* _WORK INSTRUCTION_: Among the entries that follow, the required portion opens with the line containing "Решебник По Русскому" and closes with the line containing "Minibar Frigobar Minirefri". Give that portion again exactly, and nothing else.

* _INFORMATION PROVIDED_:
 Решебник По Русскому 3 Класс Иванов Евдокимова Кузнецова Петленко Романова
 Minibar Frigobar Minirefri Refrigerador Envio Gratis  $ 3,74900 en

--

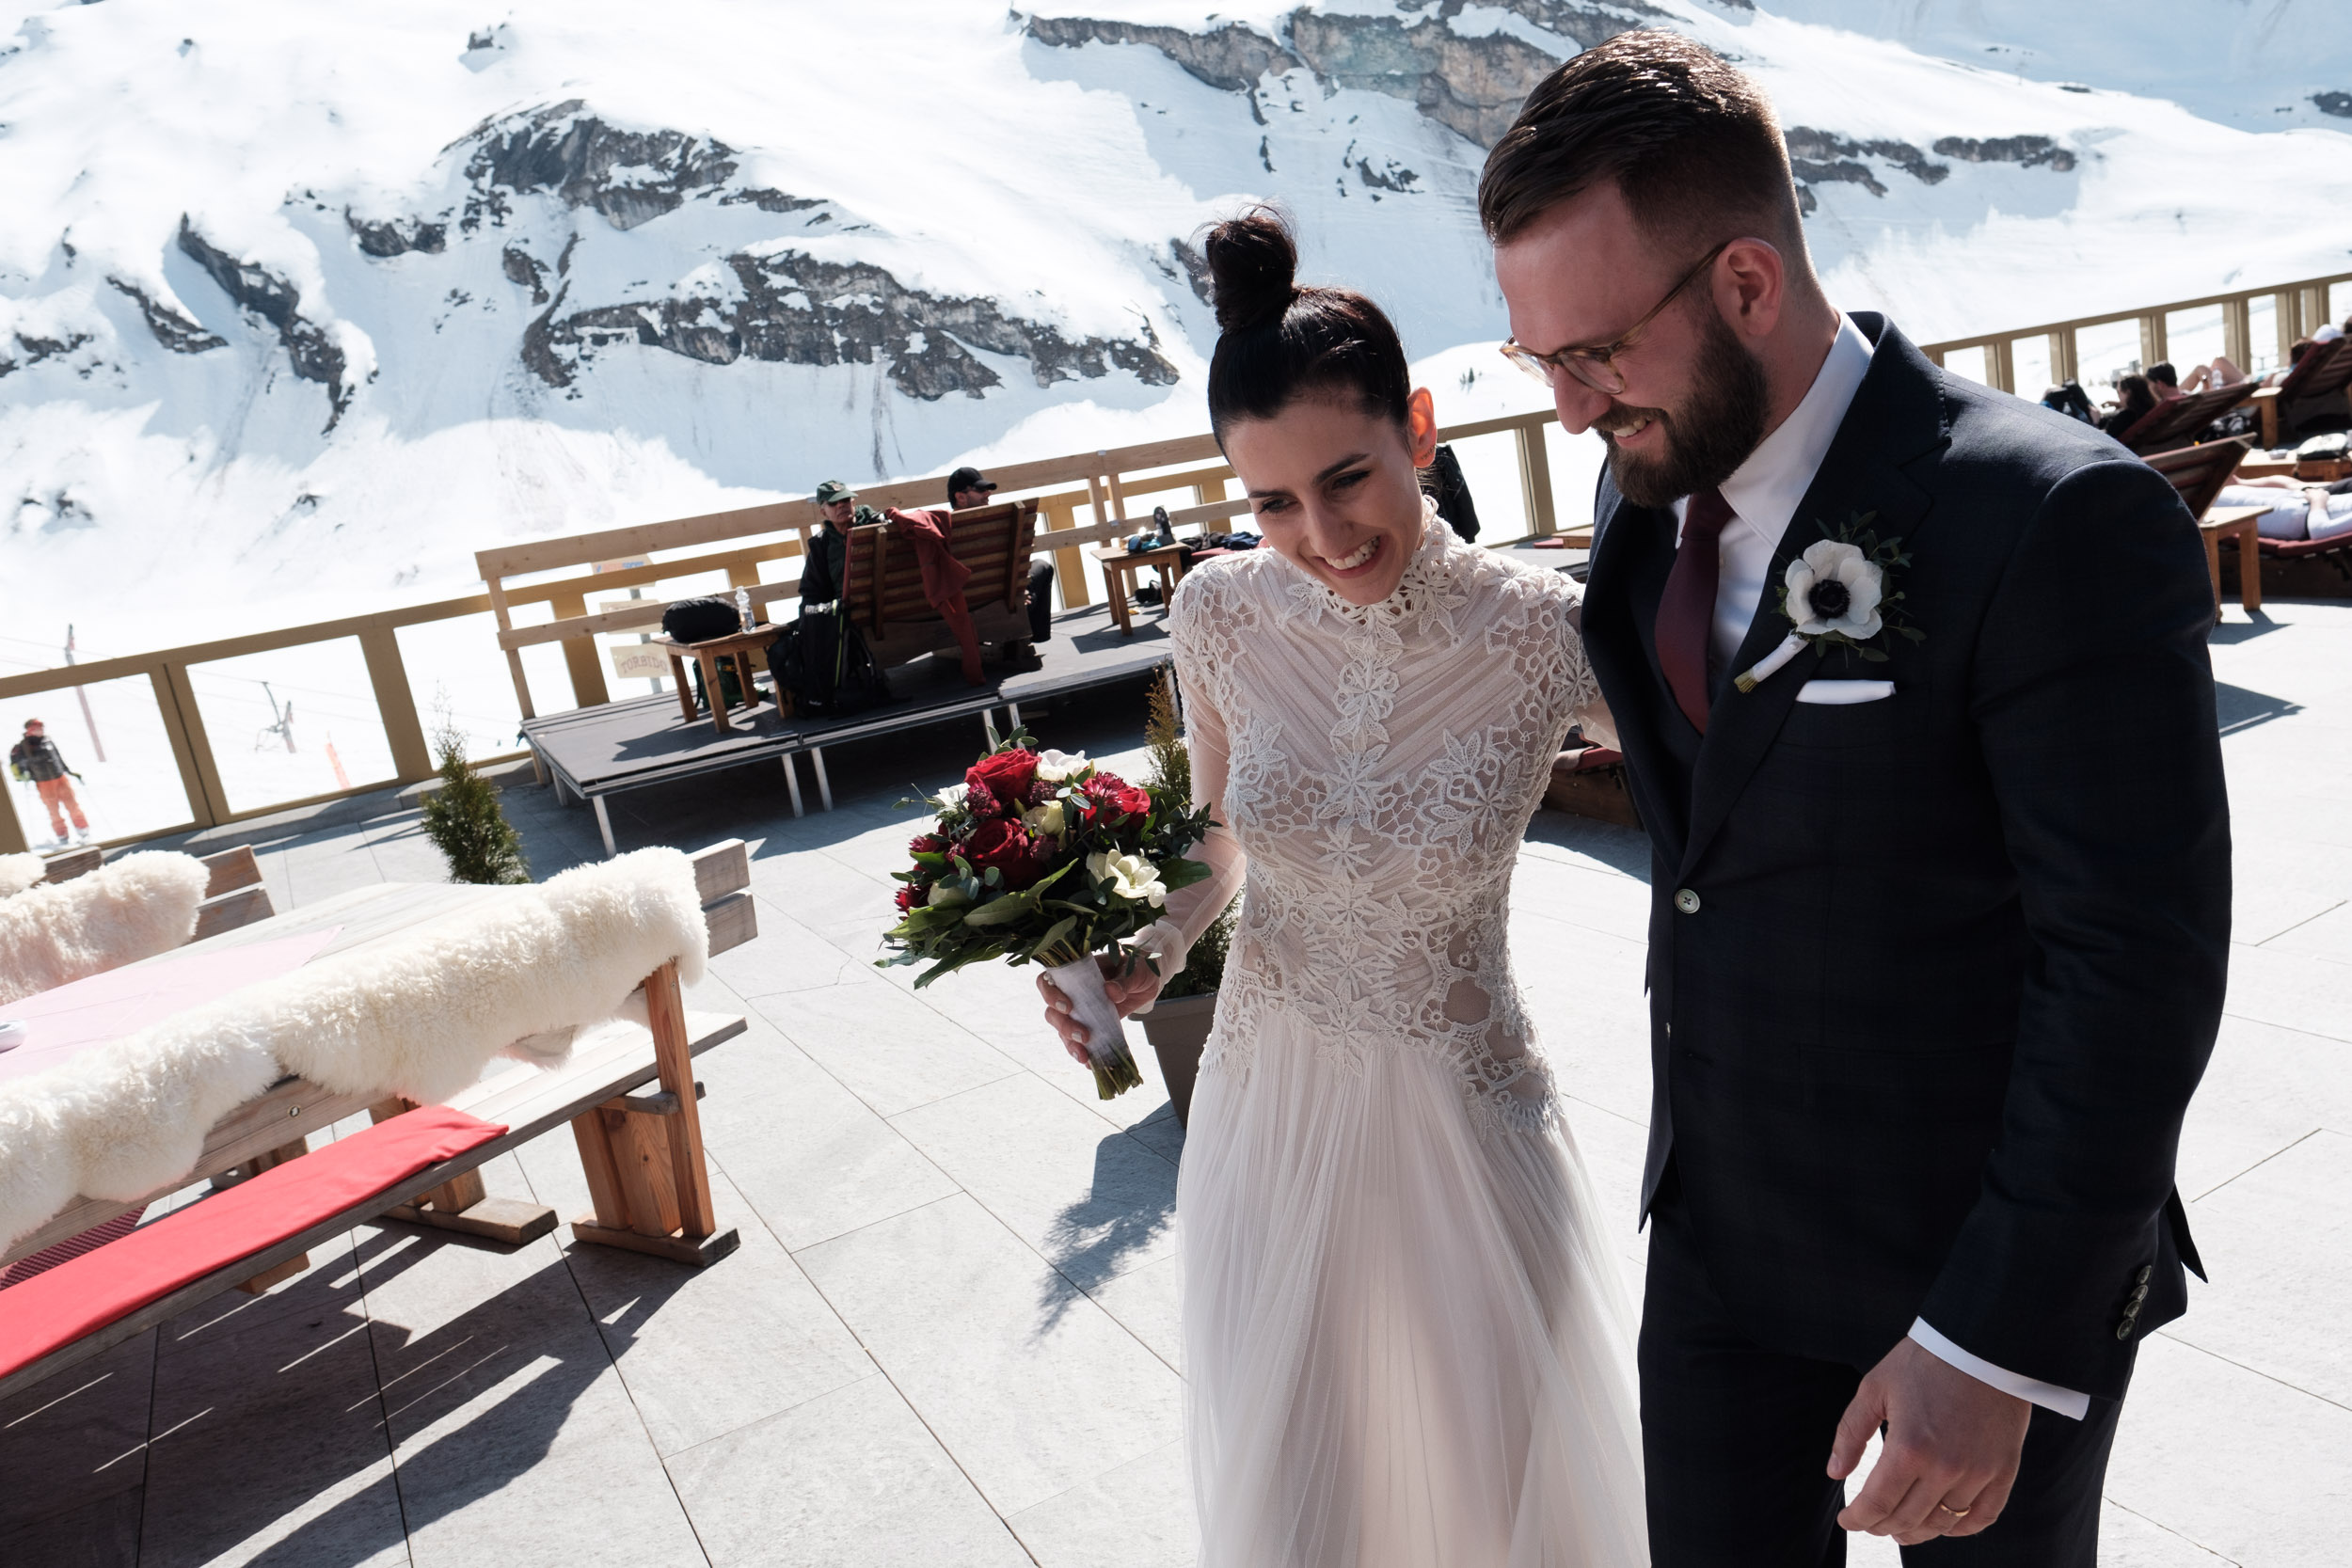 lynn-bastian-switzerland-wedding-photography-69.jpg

* _SOLUTION_:
 Решебник По Русскому 3 Класс Иванов Евдокимова Кузнецова Петленко Романова
 Minibar Frigobar Minirefri Refrigerador Envio Gratis  $ 3,74900 en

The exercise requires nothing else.